Problem to work on
Each line below from the one containing "Tiks pagarināts projektu" through the one containing "SONAX Flächendesinfektion (500" should be output exactly as it stands, and no other line should appear.

Data shown below:

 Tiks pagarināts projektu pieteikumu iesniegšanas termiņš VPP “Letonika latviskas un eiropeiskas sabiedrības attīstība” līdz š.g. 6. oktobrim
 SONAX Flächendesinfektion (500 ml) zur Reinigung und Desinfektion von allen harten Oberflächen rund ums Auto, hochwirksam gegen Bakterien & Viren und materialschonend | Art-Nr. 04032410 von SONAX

End of Data shown.
Data shown below:

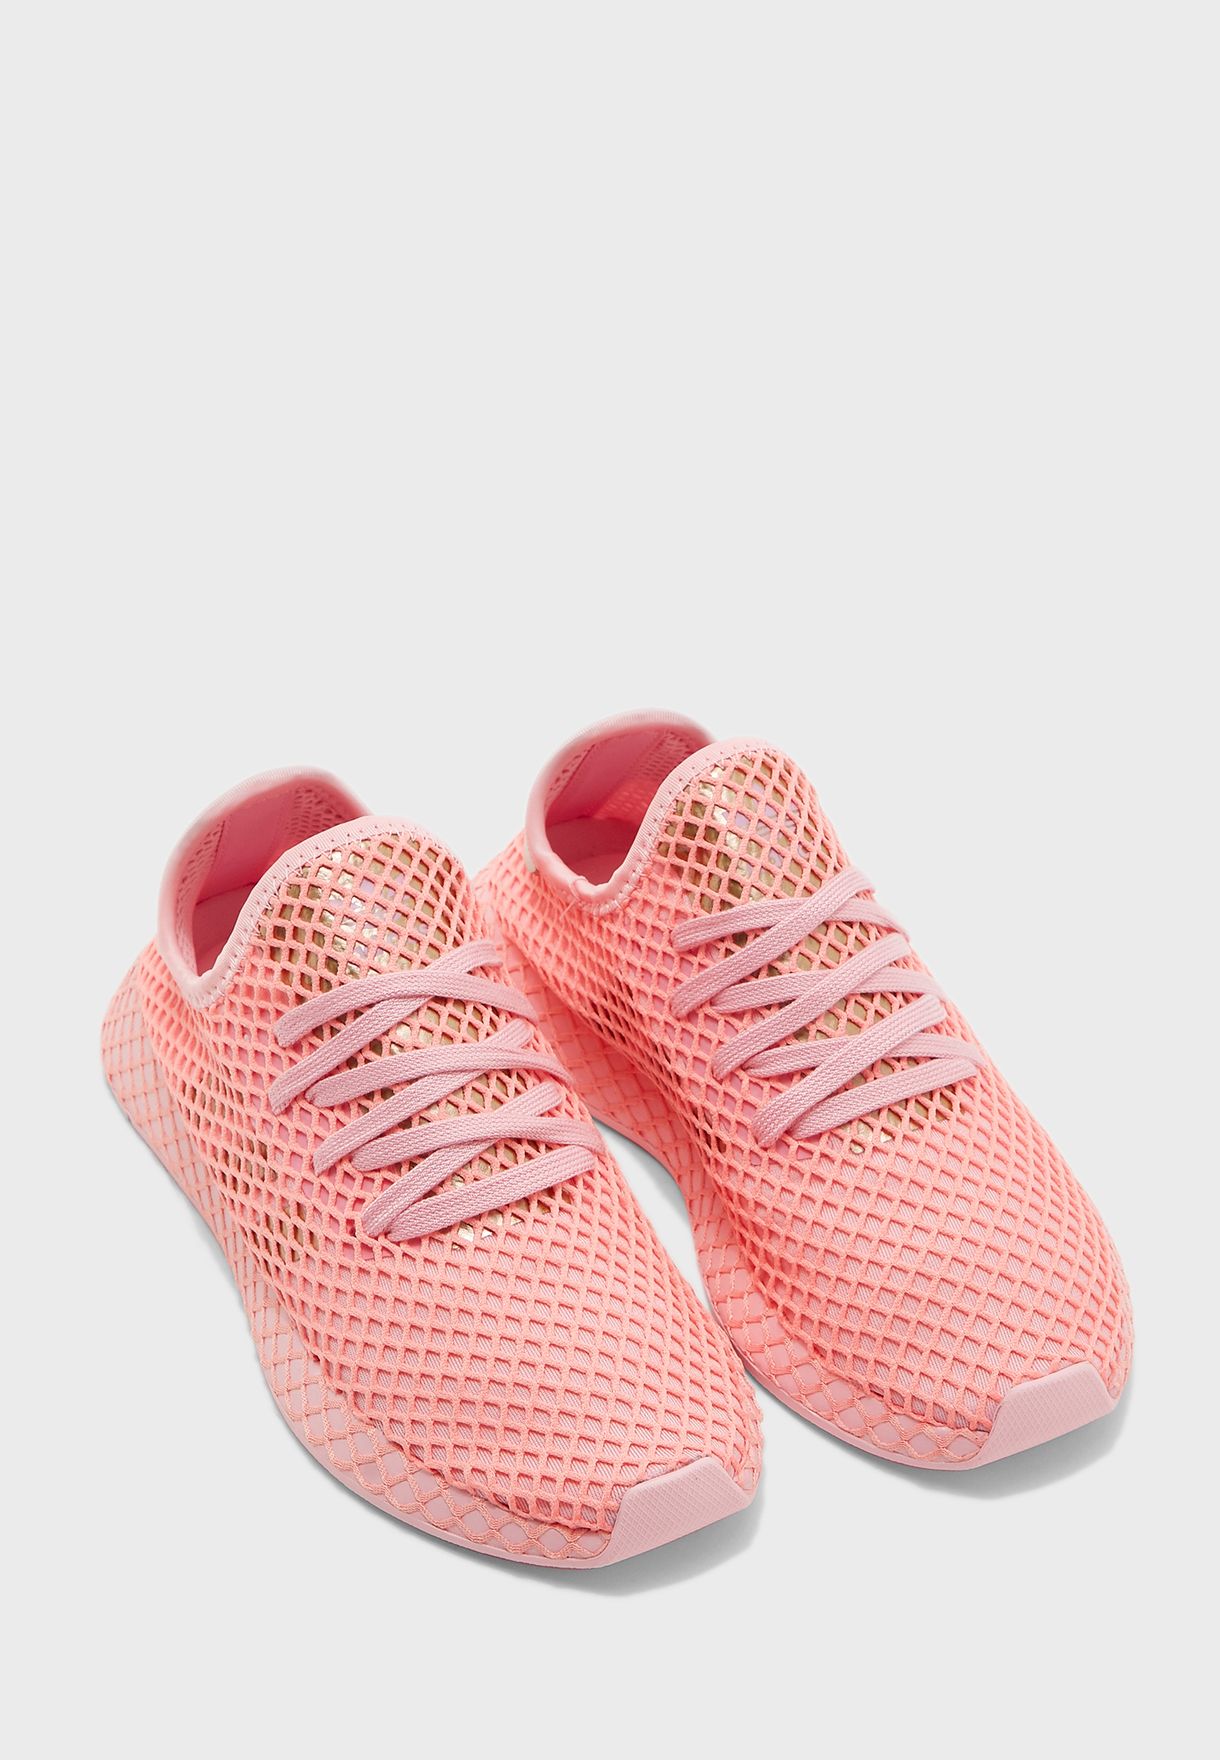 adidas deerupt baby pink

End of Data shown.

Written solution
 Tiks pagarināts projektu pieteikumu iesniegšanas termiņš VPP “Letonika latviskas un eiropeiskas sabiedrības attīstība” līdz š.g. 6. oktobrim
 SONAX Flächendesinfektion (500 ml) zur Reinigung und Desinfektion von allen harten Oberflächen rund ums Auto, hochwirksam gegen Bakterien & Viren und materialschonend | Art-Nr. 04032410 von SONAX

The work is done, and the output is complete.